## DATA EXCERPT

▬▬▬▬▬▬▬▬▬▬

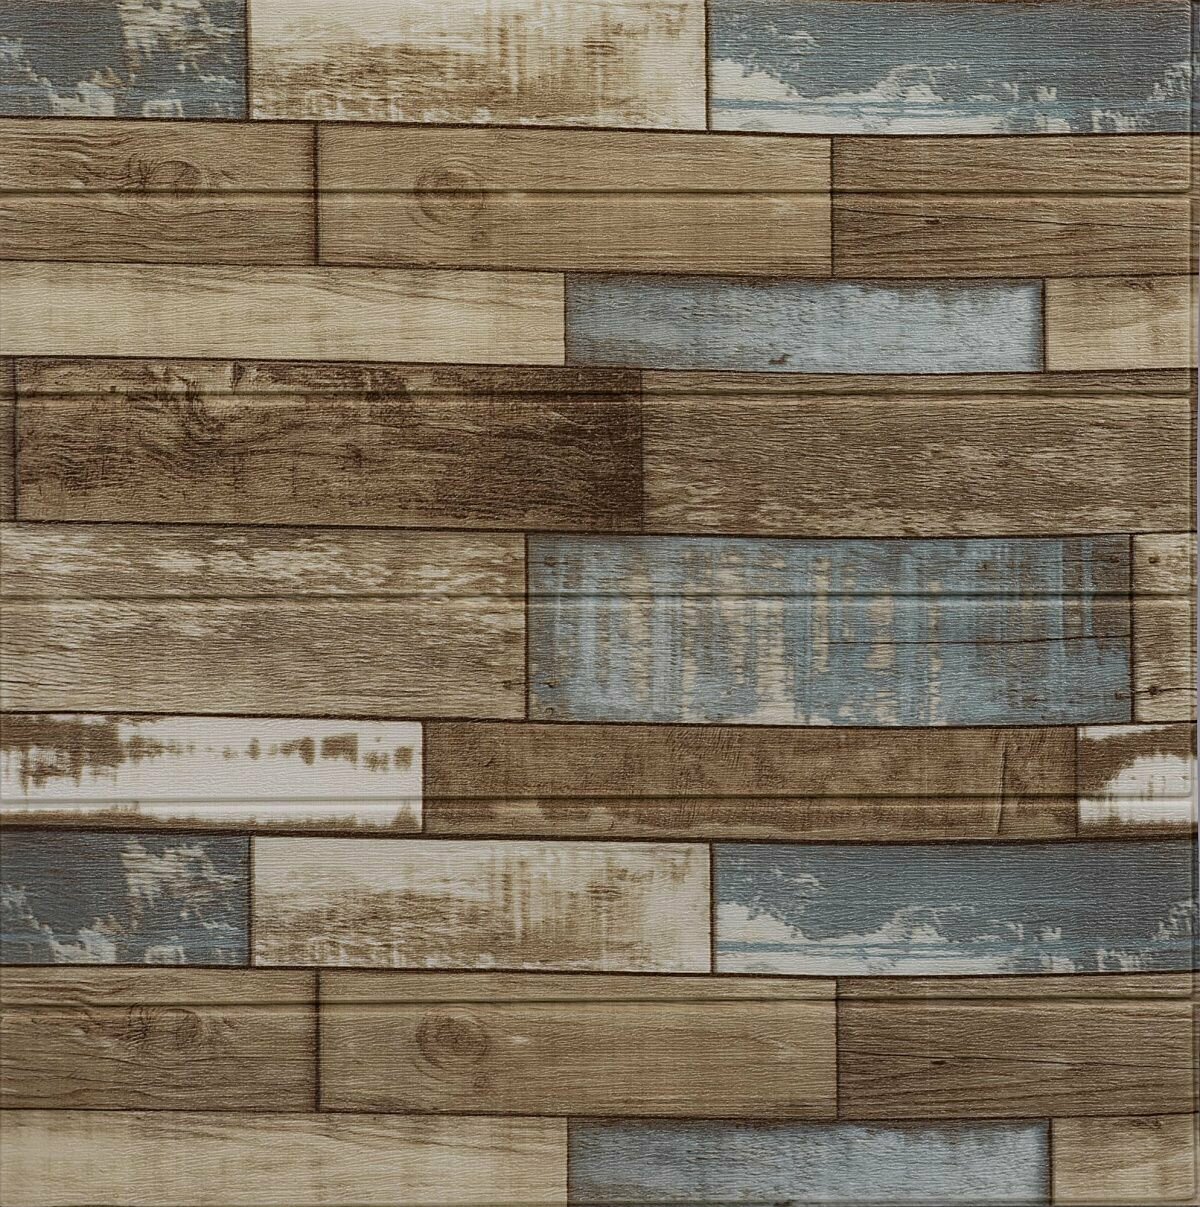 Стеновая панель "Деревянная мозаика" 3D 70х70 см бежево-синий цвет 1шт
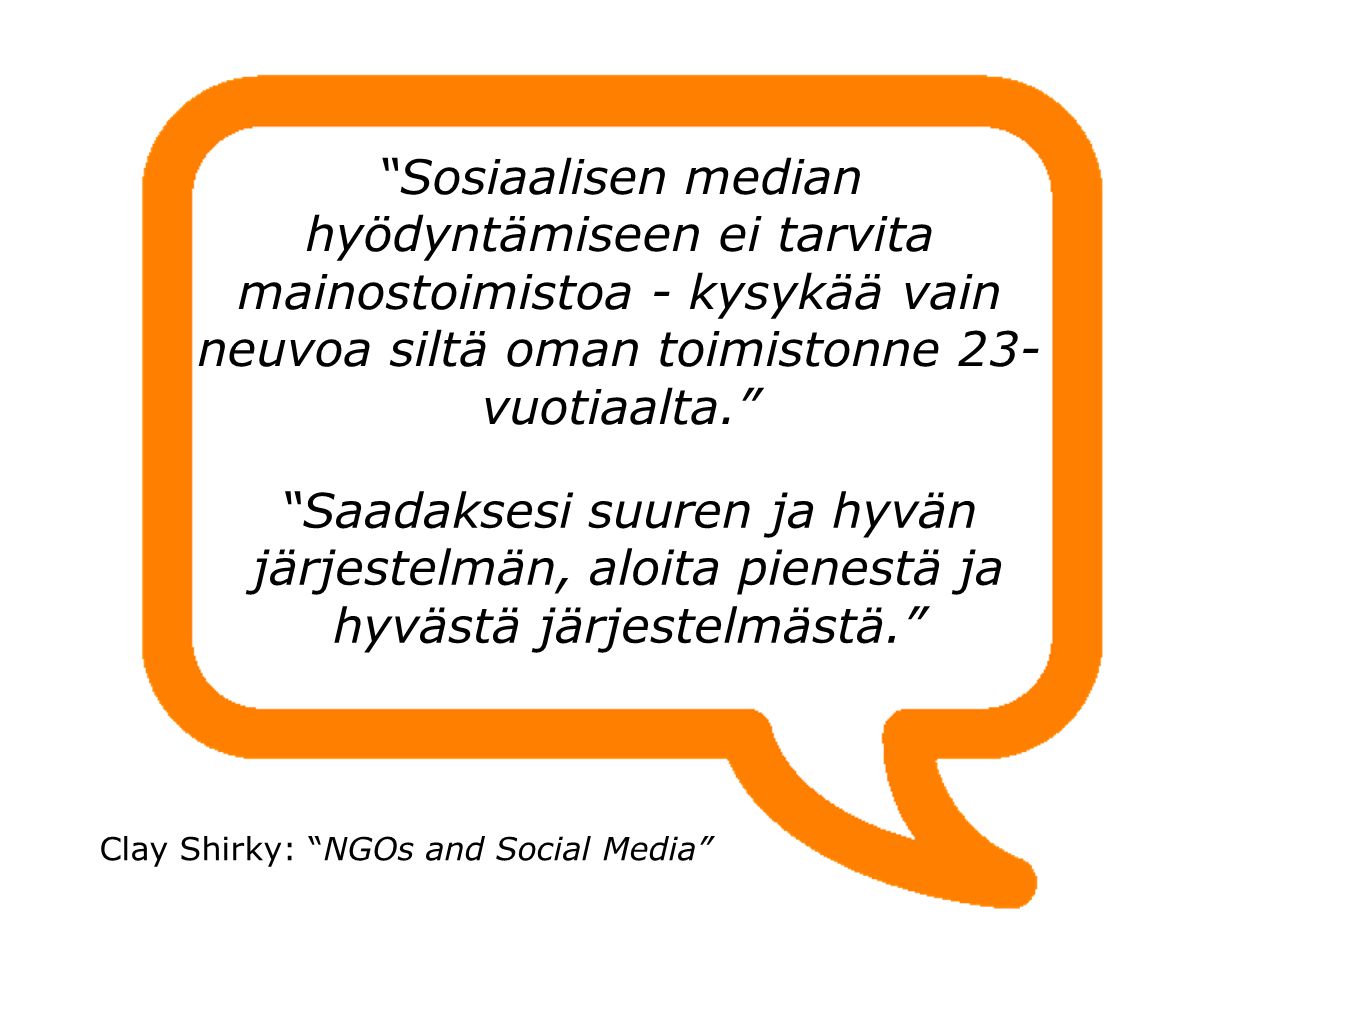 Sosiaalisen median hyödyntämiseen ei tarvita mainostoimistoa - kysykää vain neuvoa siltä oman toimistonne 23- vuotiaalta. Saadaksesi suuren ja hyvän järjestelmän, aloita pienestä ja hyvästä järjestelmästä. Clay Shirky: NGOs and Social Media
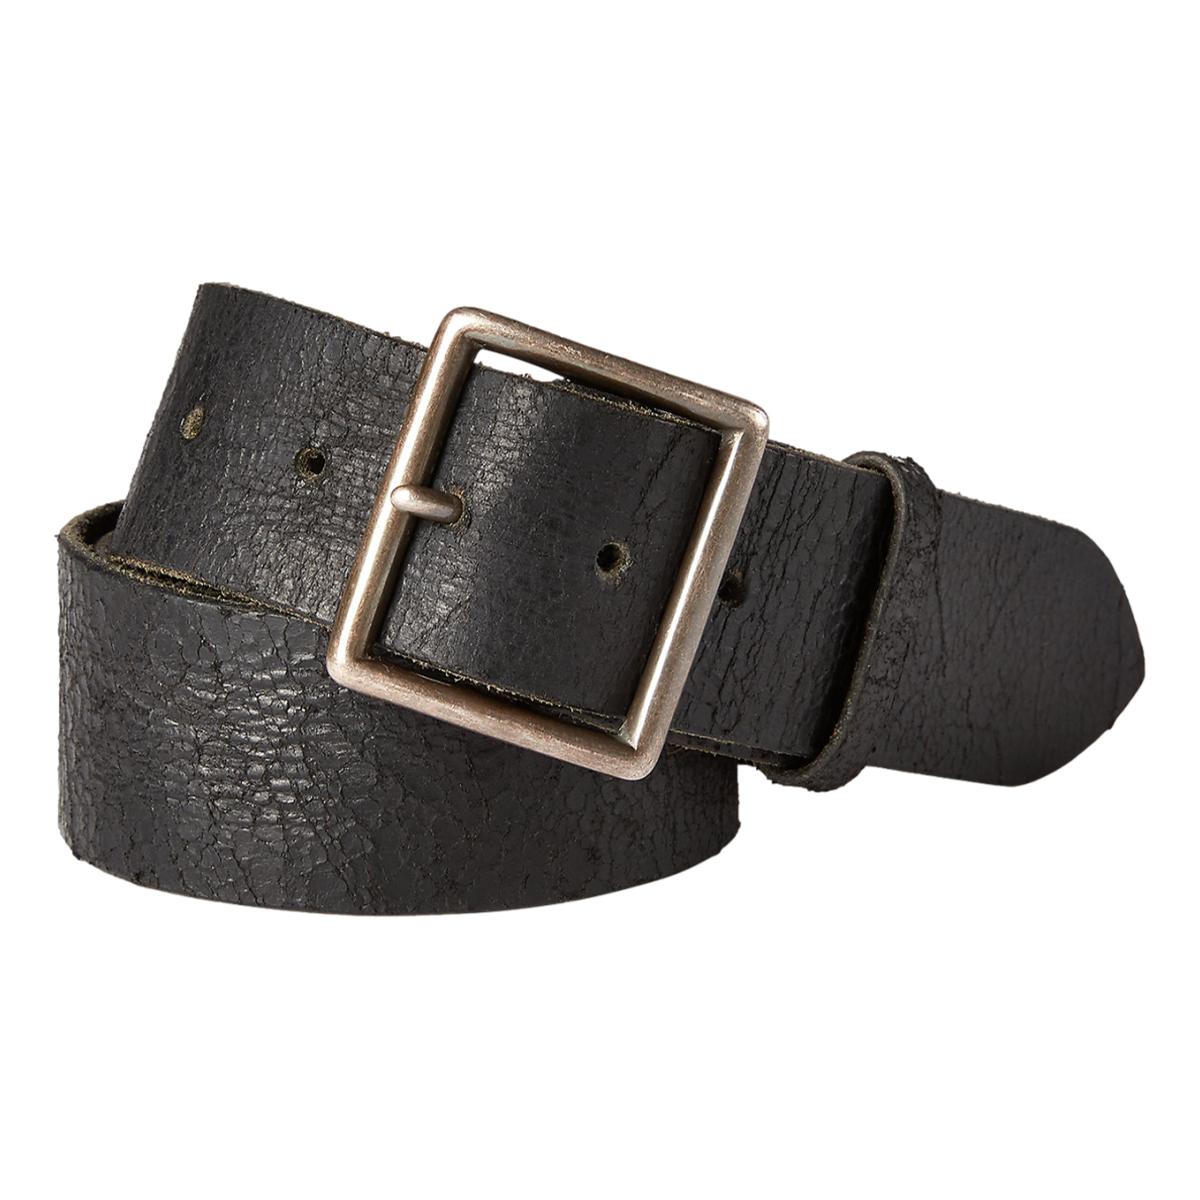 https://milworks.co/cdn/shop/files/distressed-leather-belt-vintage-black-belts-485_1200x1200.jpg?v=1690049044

▬▬▬▬▬▬▬▬▬▬

## TASK PROMPT
Copy out the data above exactly, except the pictures.

## RESPONSE BOX
 Стеновая панель "Деревянная мозаика" 3D 70х70 см бежево-синий цвет 1шт
 Sosiaalisen median hyödyntämiseen ei tarvita mainostoimistoa - kysykää vain neuvoa siltä oman toimistonne 23- vuotiaalta. Saadaksesi suuren ja hyvän järjestelmän, aloita pienestä ja hyvästä järjestelmästä. Clay Shirky: NGOs and Social Media
 https://milworks.co/cdn/shop/files/distressed-leather-belt-vintage-black-belts-485_1200x1200.jpg?v=1690049044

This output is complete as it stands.